Brent Hartinger writes:
When should a person be angry about some anti-gay slight or slur in the media — and when should we let it slide? But what makes some anti-gay slights “outrageous” and others just tempests in teapots — and how do we decide? And what happens when GLBT people themselves disagree?
Consider the gay media brouhahas from just the last few weeks:
• When the FX reality show 30 Days featured an episode on same-sex adoption, they included factually incorrect comments from a spokesperson from the Family Research Council claiming that gay people have higher rates of “mental illness…domestic abuse, child sexual abuse” — statements that went uncorrected on the program.
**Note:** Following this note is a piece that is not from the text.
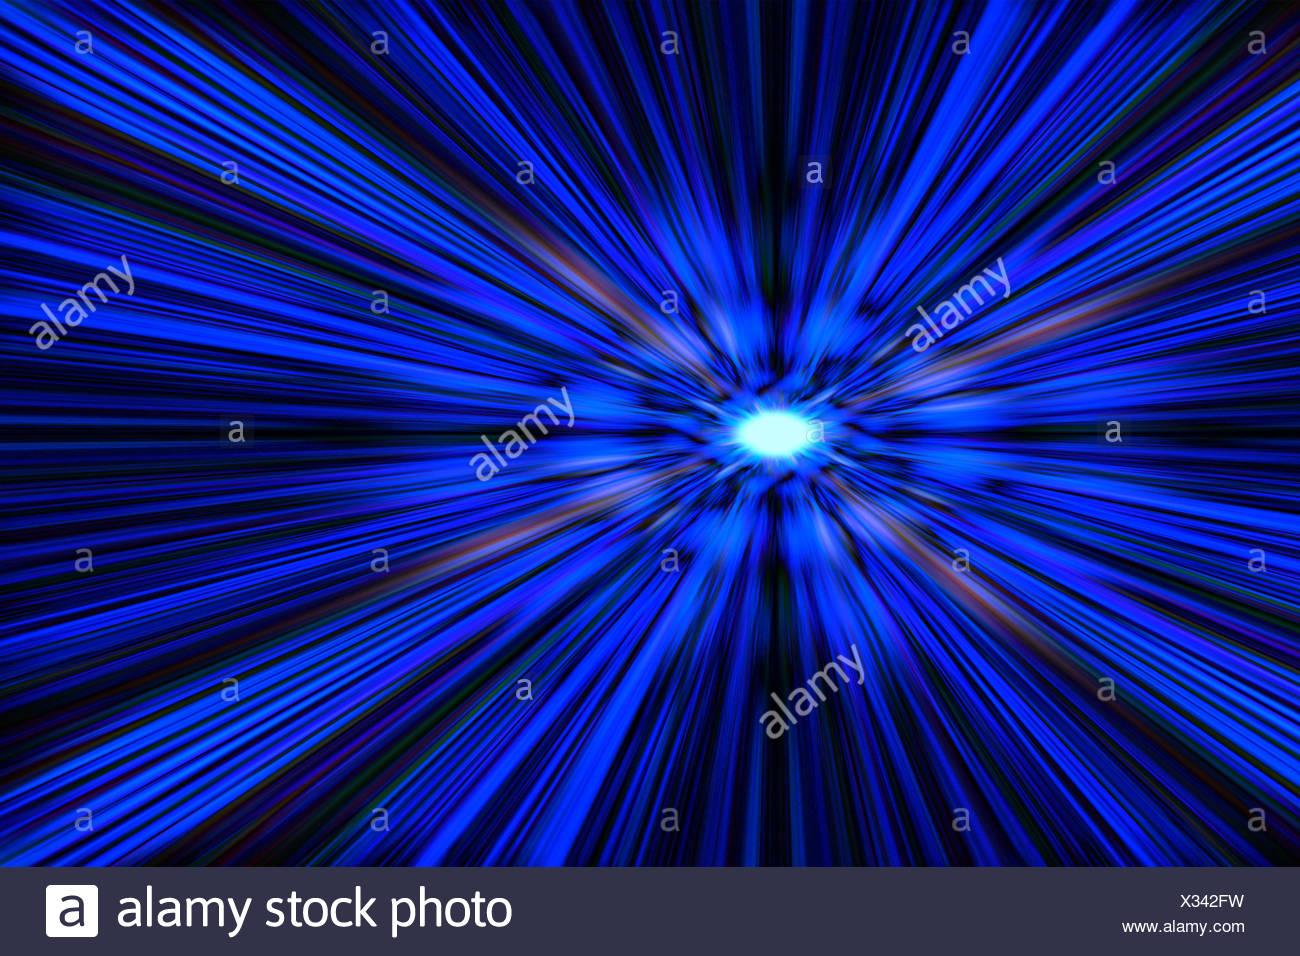 Blue Flash Explosion On A Black Background Stock Photo Alamy

• After some British viewers as well as American conservatives including Bill O’Reilly complained, Heinz pulled a humorous European television commercial for Heinz Deli Mayo that showed two fathers kissing, with the company citing “consumer feedback.”
• During the network premiere of Brokeback Mountain, Bravo edited out not just the movie’s profanity and more explicit sex scenes, but also a tender kiss between Jack and Ennis.
• In the new movie Hancock, Will Smith plays a superhero in need of an image make-over, who when presented with various images of comic book superheroes, responds, “Homo. Homo in red. Norwegian homo.”
Let’s face it: there are too many of these offenses to get worked up over everything. We’d be livid 24/7.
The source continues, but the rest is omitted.